Adéòtí... Lessons of Love Doomed

It was too fast, I knew… there was always a nagging feeling of the wrongness of it all…. But Adéòtí was nice… he treated me well, and so for months, I ignored the feelings. I told myself it was all in my mind… He convinced me that I ‘overthink’… and just for a little while, I believed him.

Adéòtí... Lessons of Love Doomed

This is two part story, Read Part the concluding part here

There had been a raging storm earlier … on the night I met Adéòtí. Perhaps that should have been the telling sign of doom. But what’s a young maiden to do? He was a familiar face in the midst of the storm. That familiarity created a pseudo sense of safety… but it also blinded me to the ‘gaps’ in his tales.

It’s been 2 years since the day I turned my back to Akínyẹlé. Almost 2 years since I left my childhood home and moved to the township. The ‘pitiful’ stares and whispers of the villagers were a bit much to bear… but the unsolicited advice and the mocking laughter of the men I had rejected was the last straw…so I left. Only so I could heal.

The township welcomed me…new faces everywhere…. smiling and unsmiling… yet the loneliness of a new comer stuck with me like skin.
So meeting Adéòtí, on a stormy day was good… in fact it seemed like fate, or so I thought.
And when I told Abísóyè that I met our childhood neighbour in the township… that he was no longer the boy we knew… he is now a man… tall and good looking. I told her Adéòtí had been in the town for 4 years already when we met… so he knew the town well… and he showed me. Abísóyè said to live and laugh… and to let go. She was happy and relieved that an old face was with me among the sea of new faces.

Then a ‘friendship’ began… or at least what looked like one…. then a gentle promise of more.
Then a whirlwind romance… chemistry so intense…connection seeming so deep…boundaries and territories laid unhindered.

It was too fast, I knew… there was always a nagging feeling of the wrongness of it all…. But Adéòtí was nice… he treated me well, and so for months, I ignored the feelings. I told myself it was all in my mind… He convinced me that I ‘overthink’… and just for a little while, I believed him.

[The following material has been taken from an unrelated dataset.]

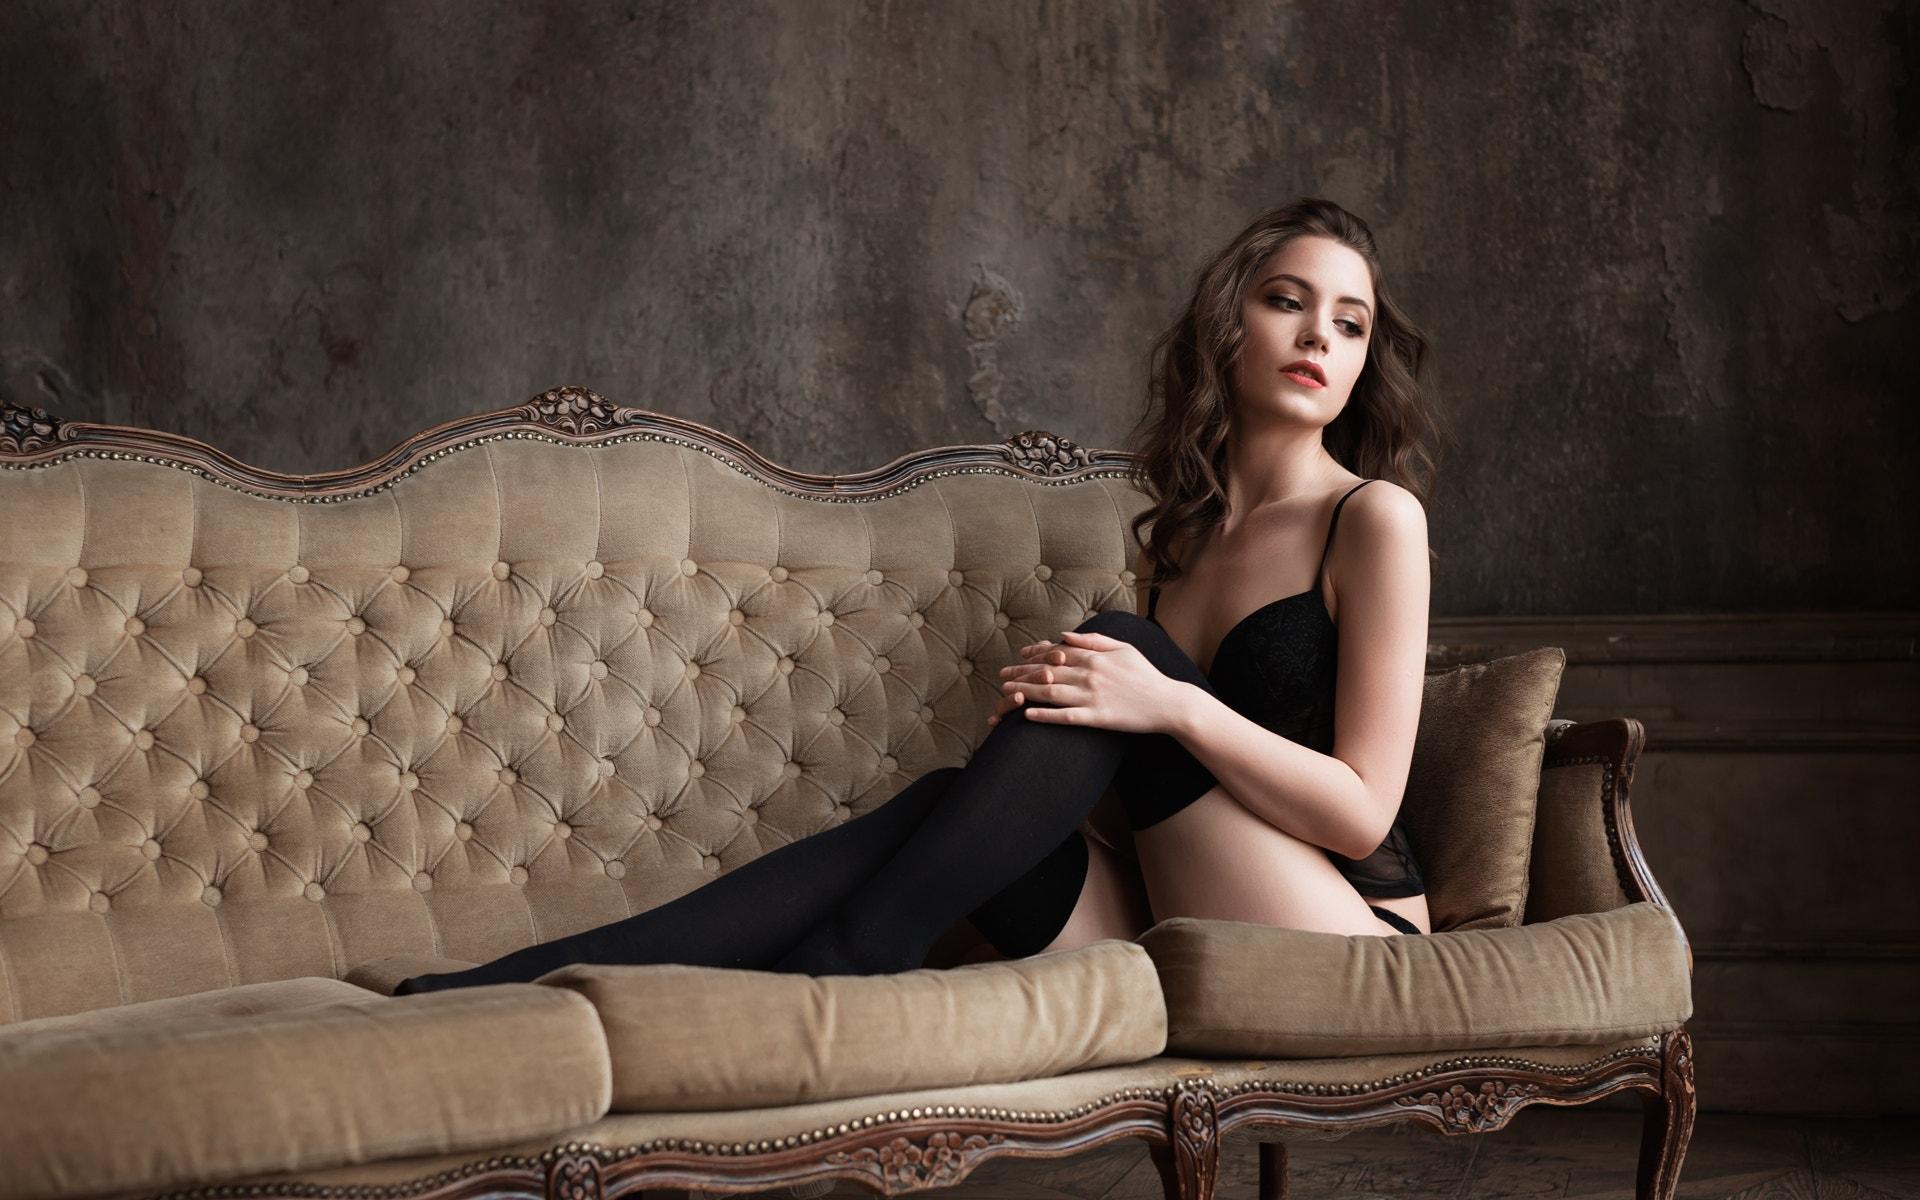 Wallpaper : women, portrait, black stockings, tattoo, high

You see, Adéòtí is a good man…kind even, but he was a little too much and too fast… and I couldn’t breathe… I was overwhelmed by his constant presence… his never ending visits. He was like oil and I was water.

And Adéòtí had big dreams, none of which involved me, nor accommodated mine. I supposed he felt he will fit me into his dreams somehow…
But I had dreams too, one that have been mine for years… and to simply forget them… even for Adéòtí was a pill so hard to swallow.

Two months into our romance, Mama came visiting. And as we sat on the mat under the stars, she told me of the maidens who had just gotten married… Abísólá, Màmà Alágbo’s youngest daughter had just been given away in marriage… and she married Adéagbo, our Village Crown Prince. Adéwúrà who had married one of my former suitors, Adìsá had just welcomed a son last week.
I was happy to hear such good news of home and I told her so. Mama looked at me keenly and asked if I had any news. She wanted to know if I have found a man and when the man would come to ask for my hand.

I told her of Adéòtí… I told her of his sharp mind…. of our shared love for the culture… of our love for books. I told her of his respect for women… and of his promise of marriage.
Her eyes lit up… I could see how happy she felt that I’ve found a man who would marry me. Without uttering a word, I knew she was relieved that her daughter would finally be given away in marriage… that the Women Association would no longer ask if all was well with her daughter.
I remember how disappointed she was at Akínyẹlé, and finally, it looked like her joy was full.

So, I didn’t tell her that when Adéòtí speaks of his dream, it never included mine. I didn’t tell her of his lack of answer whenever I asked for his plans… and that although he says he will marry me… he also says the promise is conditioned on a dream I didn’t even understand. I couldn’t tell her he still lives in his childhood home… and he says he has no plans of moving out. I also didn’t tell her of his refusal to answer questions about his past… or of his failure to tell me about his family.

She was happy… and I was happy for her.